When we say, “I want to get fitter,” or “I want to make more money,” or “I want to move to a warmer climate,” most of the time the translation table looks like this:

what we say vs what we mean.jpg

The key word is “already.”

We want to be fitter physically, but when we learn what it takes to achieve that, we discover that we don’t want it bad enough to fulfill the requirements.

Likewise with our earnings, where we live, generating business, or any other aspiration. We want it already to be true, without having to go through all that it takes to get it. We want to fast-forward to the good stuff, the outcome. We want all that effort and investment to be in our rear-view mirror.

Truth be told, we want to be rain-havers, not rain-makers. Having it is great. Making it is hard.

Test yourself by asking, “Why do I want to be a rainmaker?” What, specifically, do you want out of it. What will having a million-dollar book of business do for you?

You may answer, “That’s easy. I’ll make twice the income I make now.” Or, “I’ll have much greater status in my firm than I have now.”

But, in relation to what’s important to you, what will that additional income do for you, or enable you to do? Will you be able to retire 10 years earlier? Or send your kids to college without them amassing crippling debt?

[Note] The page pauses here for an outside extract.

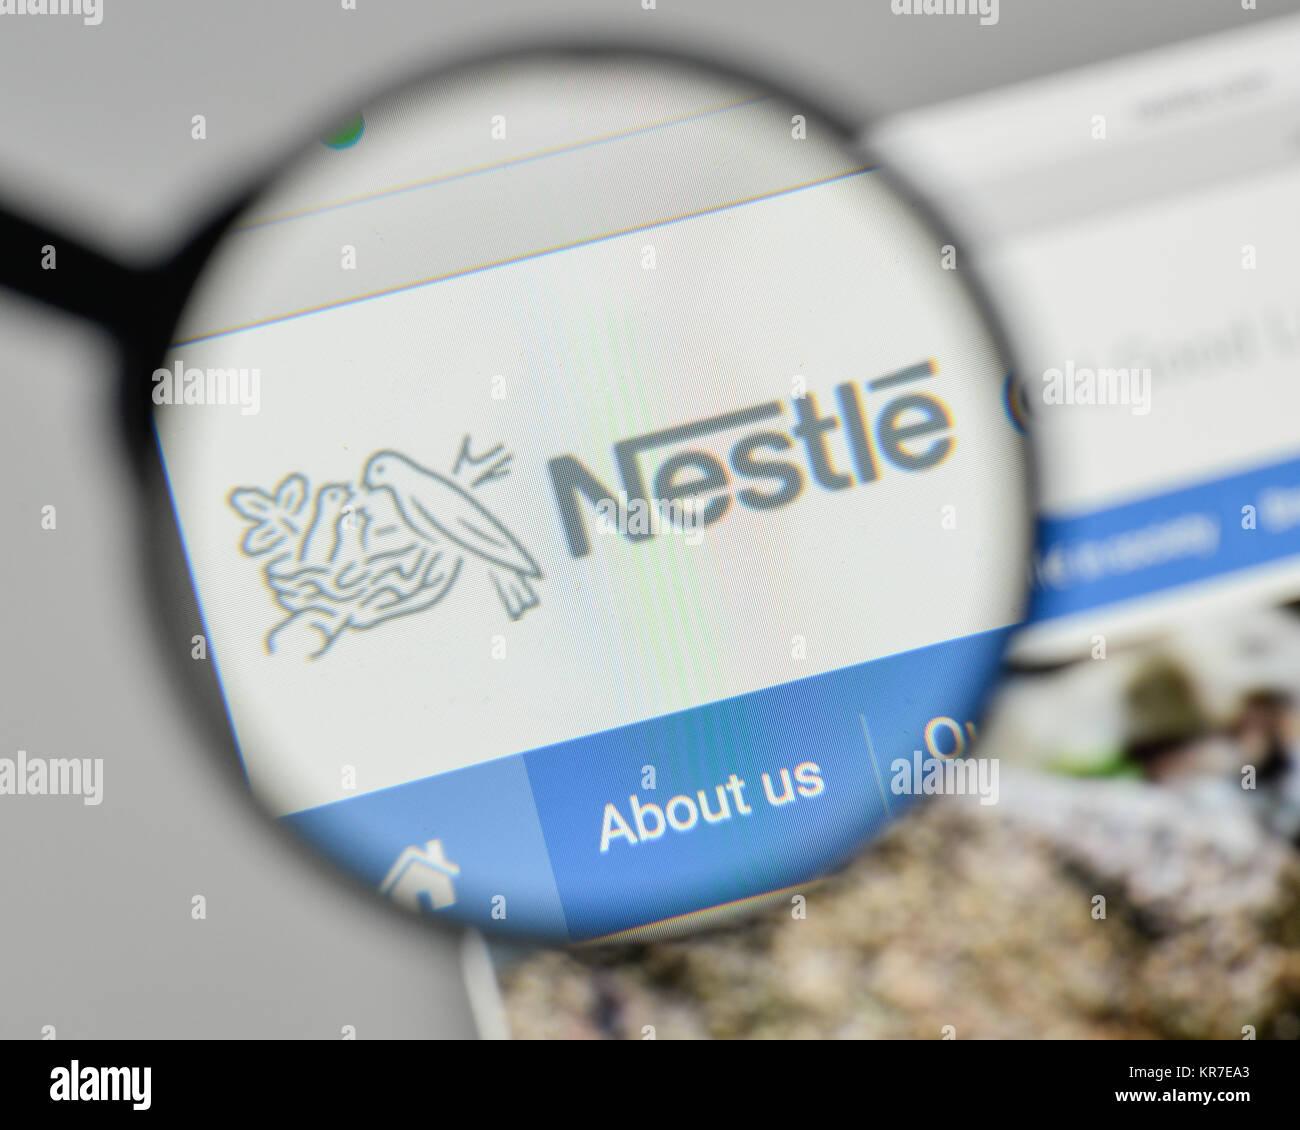 Milan, Italy - November 1, 2017: Nestle logo on the website homepage

In relation to what’s important to you, what will that elevated status do for you? Will it make it more likely that your firm will invest in your initiatives? Will you be freed from tedious administrative responsibilities? Will it give you bragging rights in your social circle?

Now that you’ve given yourself truthful answers, how important are those outcomes? The late John Kenneth Galbraith was fond of offering this straightforward advice:

  1. Decide what you want
  2. Define what you’re willing to give up to get it
  3. Get on with it

What are you willing to give up to get what you say you want? Are you willing to

  • abandon your longstanding habit of relegating business development to an occasional after-the-fact bolt-on rather than an integral part of every day?
  • change the structure of your day, shifting some of your billable work to traditional off-hours to make time for BD during prime time?
  • acknowledge that marketing and sales are not innate abilities, but are learned skills, that will require you to devote time, effort, and (gasp!) personal expense to acquire?
  • make learning those skills a priority, allocating time to them every week?
  • apply what you learn every week, to the point where it becomes like hygiene?
  • engage a coach to guide you and give you feedback?

If you’re willing to do these things, it’s possible that you’re actually willing to be a rain-maker, not merely hoping to be a rain-haver.